MicroRNAs (miRNAs) are small noncoding RNAs that regulate gene expression by post-transcriptional repression of their mRNA targets [Citation1]. The first evidence of miRNAs involvement in cancer was reported in B cell chronic lymphocytic leukemia in 2002 [Citation2]. Currently, many miRNAs have proved to be dysregulated in many different types of cancers. They can act as oncogenes or tumor suppressor genes, leading to the initiation and progression of malignancies by affecting apoptosis, invasion and angiogenesis [Citation3]. Today, a number of miRNA-targeted therapeutics have reached clinical development, including a mimic of the tumor suppressor miR-34 that is currently in Phase I clinical trials for treating cancer. In addition, antimiRs targeted at miR-122 have reached Phase II trials for treating hepatitis C infection by downregulation of the replication of hepatitis C virus RNA genome [Citation4]. After discovery of circulating miRNAs in body fluids including serum or plasma, they were quickly introduced as potential noninvasive diagnostic and prognostic biomarkers in many diseases including cancer [Citation5]. After some promising initial results, it became apparent that the precise quantification of circulating miRNAs was more challenging than expected. So far, in spite of many publications in the past decade, miRNA research has not resulted in validated cancer biomarkers [Citation5,Citation6]. The question is why the introduced miRNA biomarkers are not consistent even in a specific cancer. Will it be possible to translate miRNA biomarkers from bench to the clinic?

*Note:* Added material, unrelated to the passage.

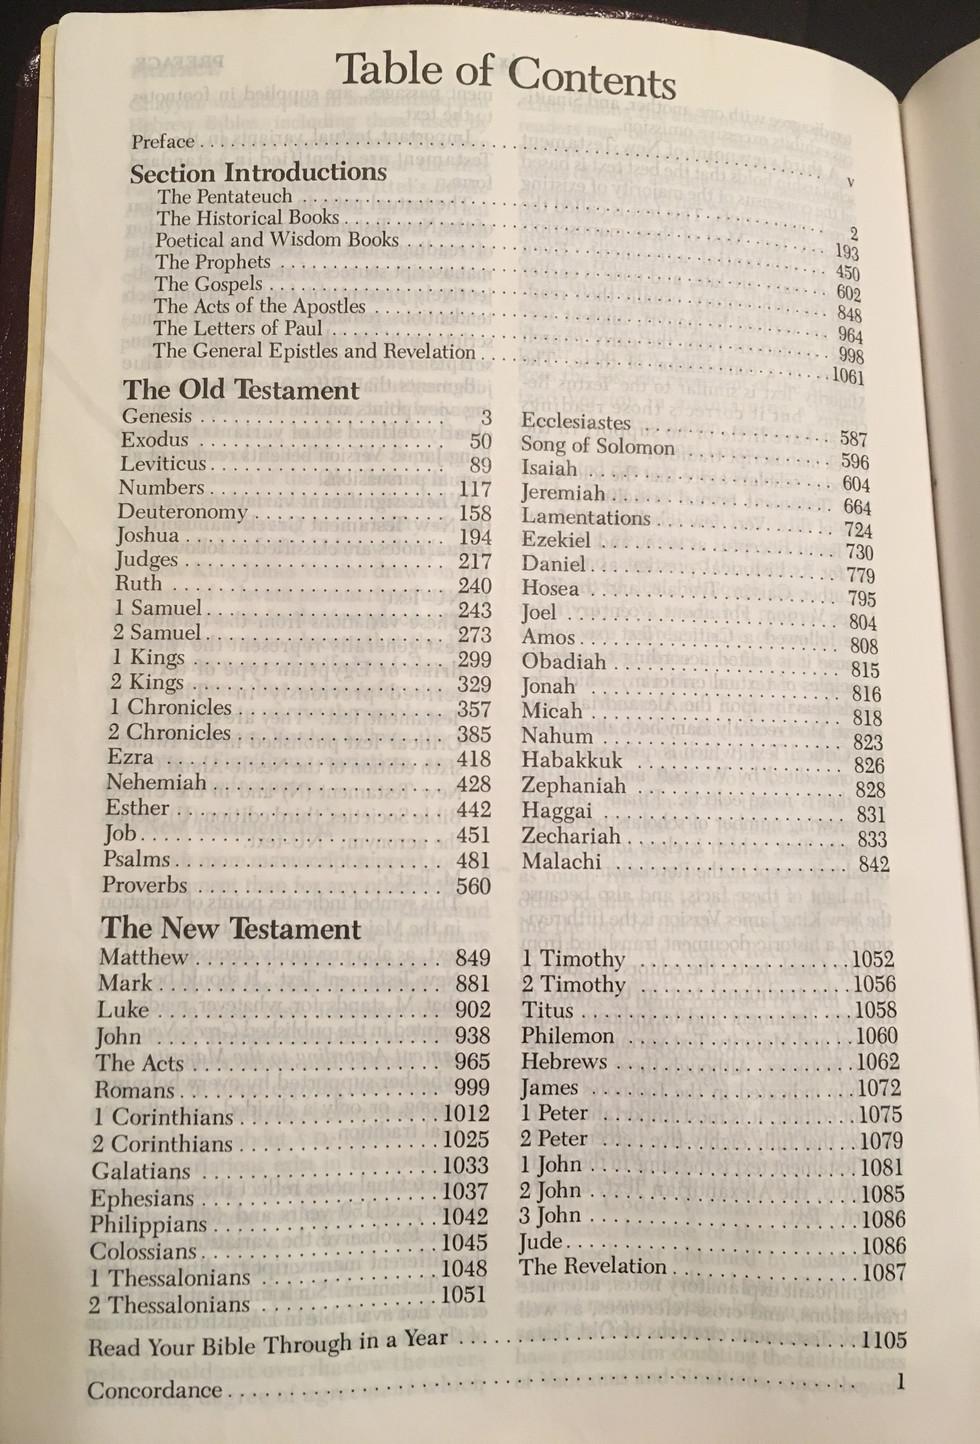 66 Books!

Numerous reports have been shown that the validation of miRNA biomarkers to be unsuccessful, which could be explained by differences in methodology of the studies, the lack of standard methods for normalization, miRNA processing and the inability to discriminate among closely related miRNAs [Citation7]. Methodological challenges including pre- and postanalytical variables have strong impact on the results and may lead to even contradictory findings [Citation6,Citation7]. Pre-analytical variables are considered as potential causes of inconsistency in miRNA experiments, including samples collection, processing, method of extraction and quality control [Citation8]. The main challenge of post-analytical level is data normalization [Citation9].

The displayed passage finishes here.